> [What you have to do] Copy the listing verbatim, excluding any images found in it.

> [Data section]

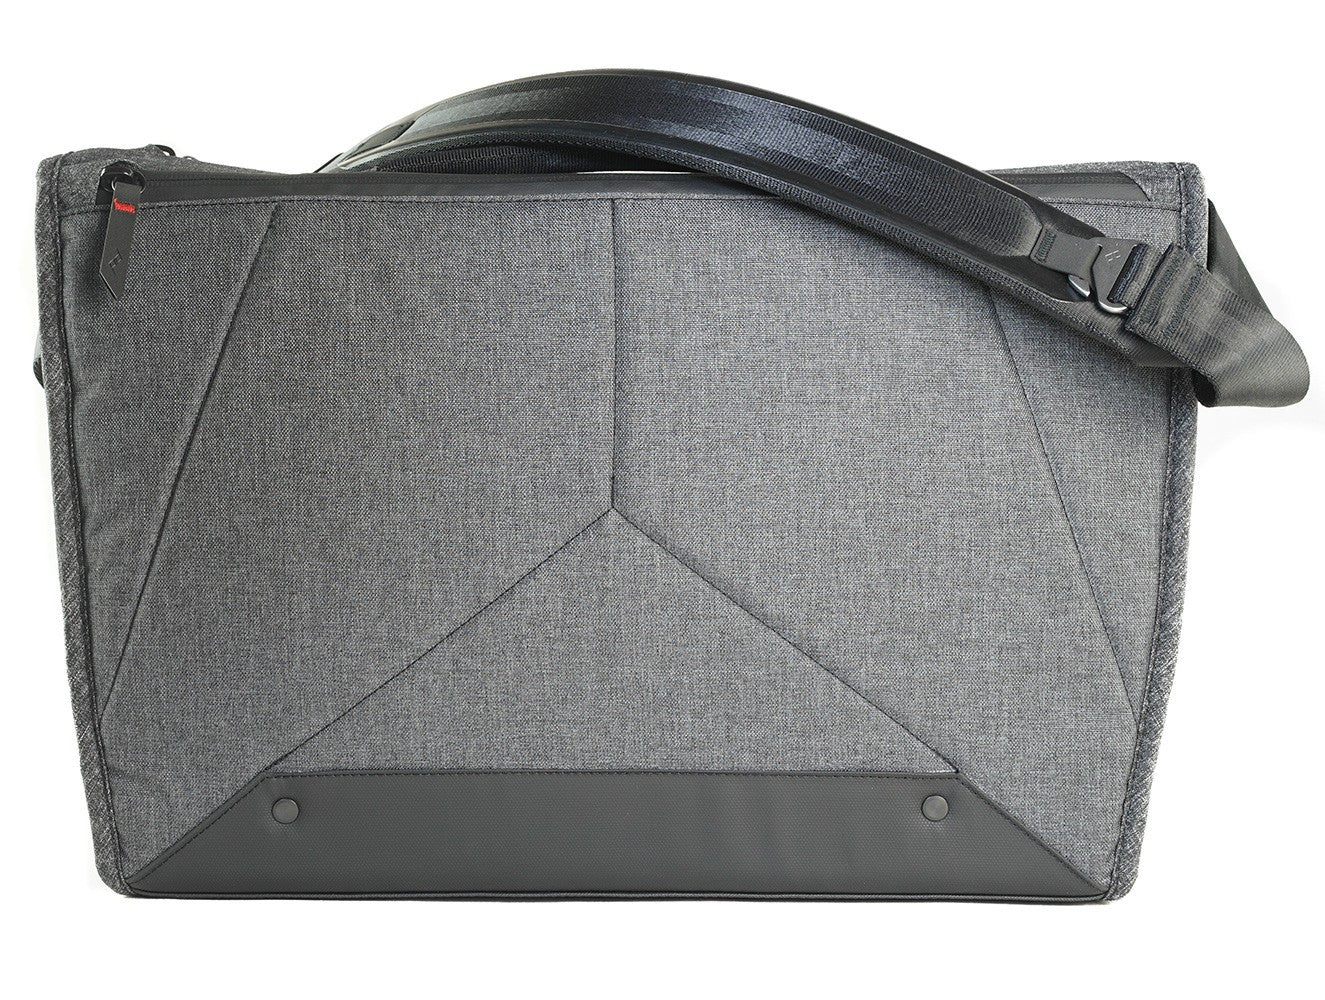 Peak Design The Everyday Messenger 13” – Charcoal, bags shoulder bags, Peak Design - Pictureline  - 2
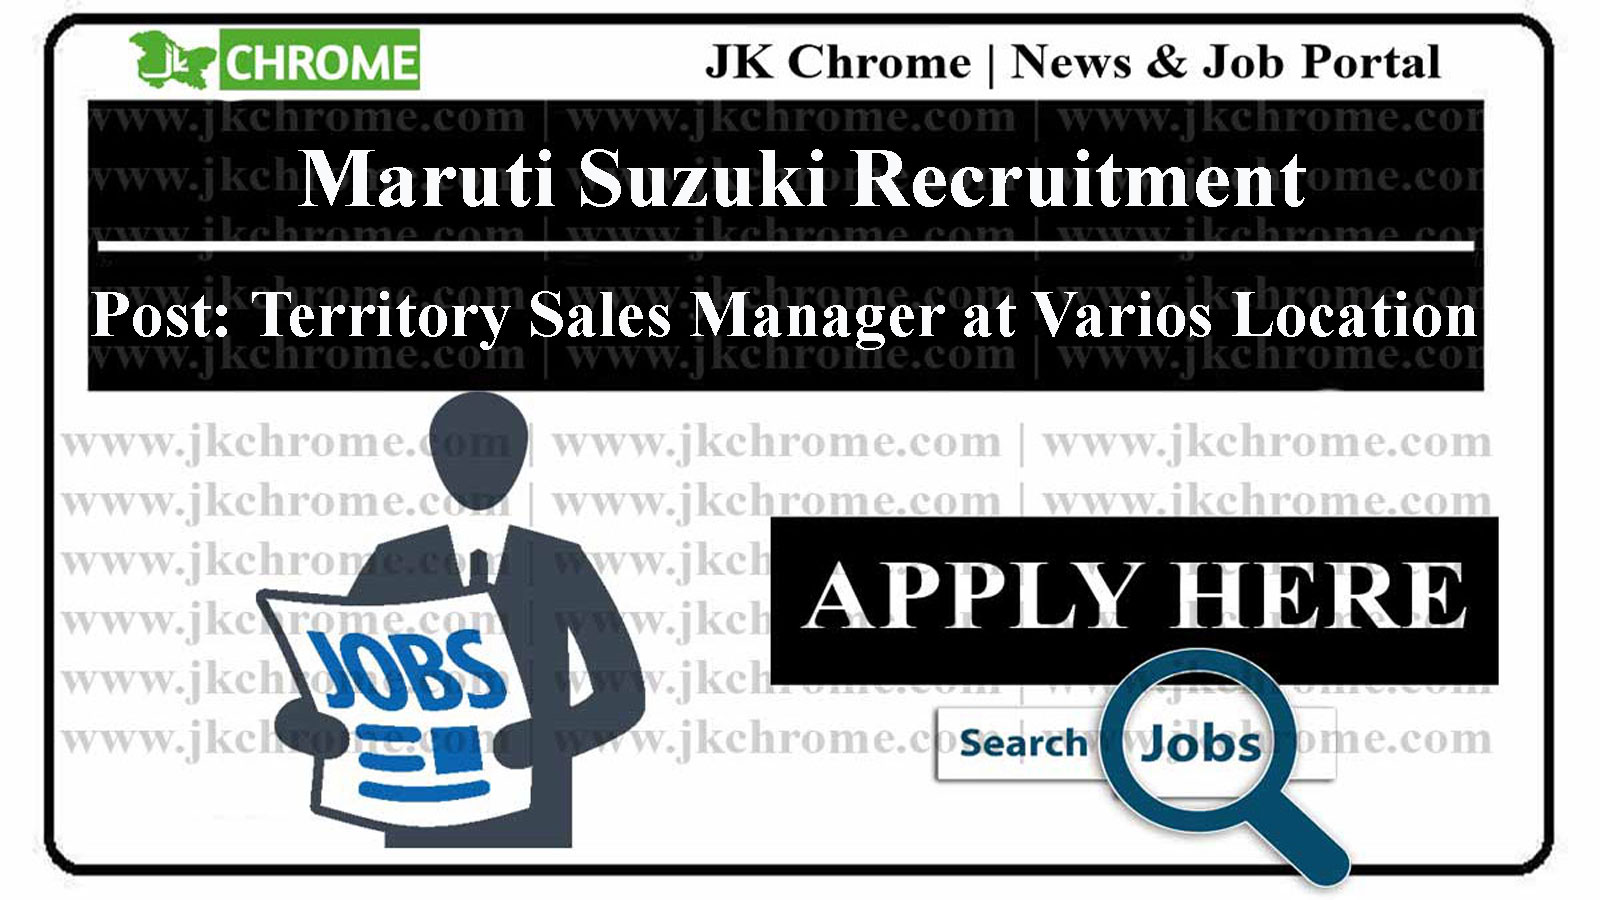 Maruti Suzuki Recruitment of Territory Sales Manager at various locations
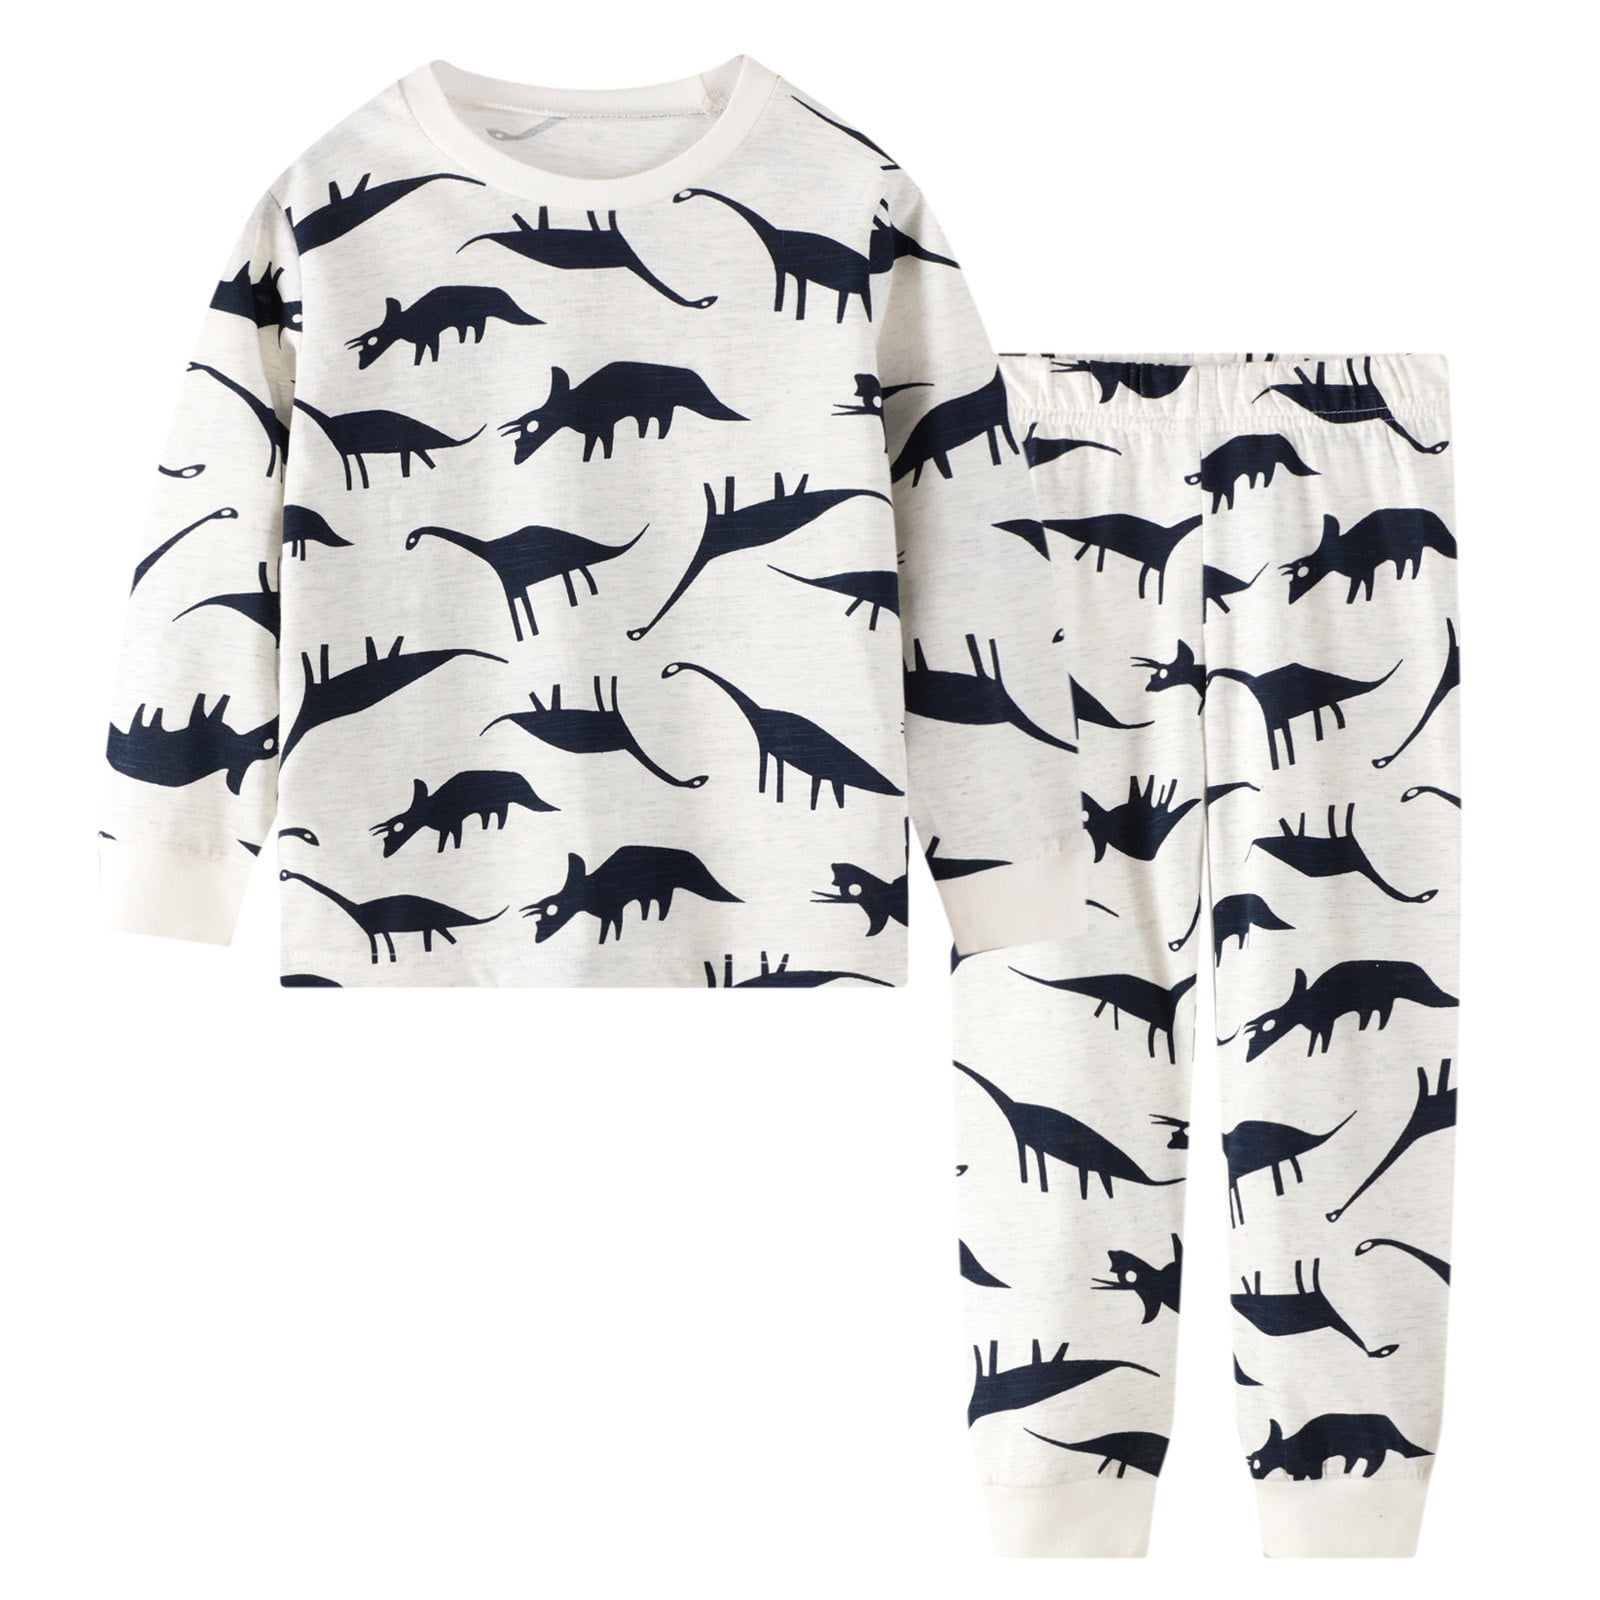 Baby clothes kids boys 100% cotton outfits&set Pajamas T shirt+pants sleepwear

> [Answer space]
 Peak Design The Everyday Messenger 13” – Charcoal, bags shoulder bags, Peak Design - Pictureline  - 2
 Maruti Suzuki Recruitment of Territory Sales Manager at various locations
 Baby clothes kids boys 100% cotton outfits&set Pajamas T shirt+pants sleepwear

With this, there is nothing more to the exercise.